As many of the developers out there know Ruby on Rails has been getting a lot
of buzz. In fact
I was
initially pretty impressed myself with how productive it seemed to be. Once
I looked into it deeper it became clear to me that for a number of reasons it
wouldn’t work for me in it’s present form.
- ActiveRecord, the
ORM
portion of Rails is somewhat simplistic and limited as far as ORMs go. Don’t
get me wrong, for folks who have never used an ORM it ActiveRecord will be a
dramtic help for many small development projects. - I have no urge to learn another language right now. As cool as it looks,
Ruby is not something I am heading
for. I have C# for the big stuff and
PHP for the little stuff. For now, that’s
all I need though if anything is vulnerable its PHP. - The Rails mailing list is full of people having problems with Rails in
production. Memory leaks, fragility in the configuration of the machine,
session conflicts and so on.
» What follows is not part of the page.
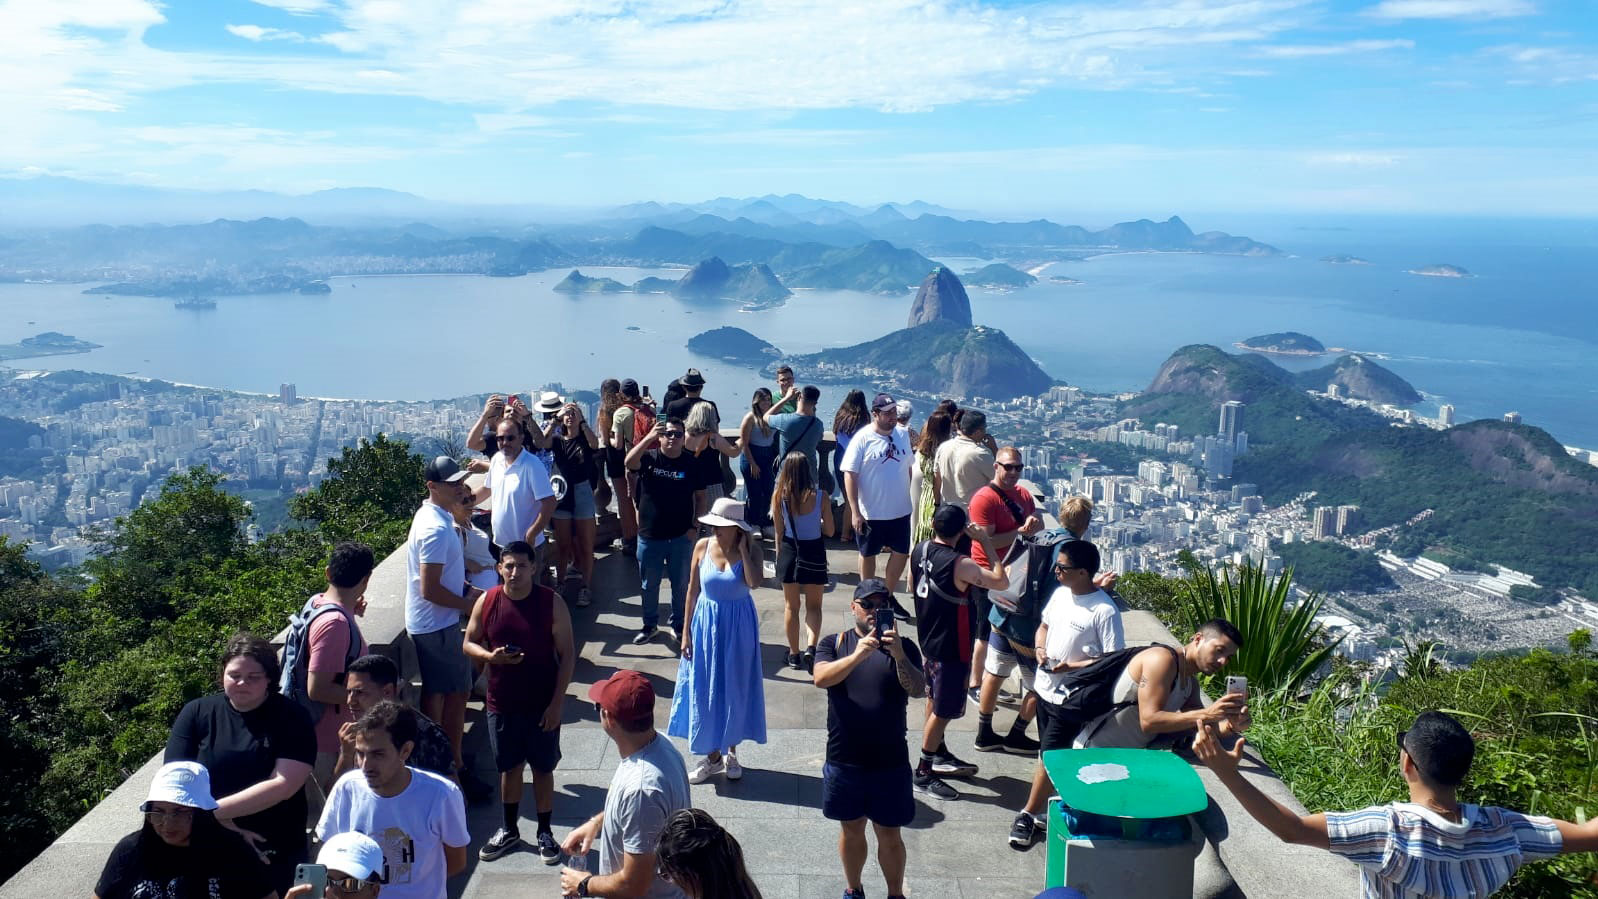 Turismo: 5 destinos imprescindibles para descubrir Brasil

While some people are suing Rails in large
scale public facing systems it seems like a big job to keep it running. - There is a lot of kool-aid to be had in the Rails camp. Many questions
about why Rails does what it does the way it does it are met with insults
and "clearly you don’t ‘get it’" stuff. Not what I need from a development
environment. Then you get to wade through all the hype about how they feel
like they have invented magic fish or something. - I can’t yet imagine swapping the huge support for .NET (msdn,
all the documentation, the corporate support and so on) to go to the small
Rails community. Microsoft has huge resources, Rails has effectively none. - Rails is a small framework for developing certain types of web
applications. it is not a platform. Similar frameworks are and can be built
on top of .NET.
In effect what Rails has done is important, but more in what it has shown as
methods than as an inherently superior framework. Rails has given the developer
of small websites a simple way to get specific things:
- A trivial way to create
CRUD pages for
simple databases. (create, read, update, delete) - A simple template language.
- A simple ORM.
So now you can just fire it up and get the most important pieces of the
enterprise style frameworks with very little effort. This is good. It will
introduce lots of people who were without those things to them and how they can
help. However it is worth remembering that in all these areas Rails is dependant
ont he fact that they have simplified the problem space so dramatically that it
isn’t really applicable in a more general use.
Rails is a great tool if you have to whip something out fast that happens to
fit it’s problem space well. It is probably a nice competitor to certain
situations I might use PHP in. But a Java or .NET killer? Nope.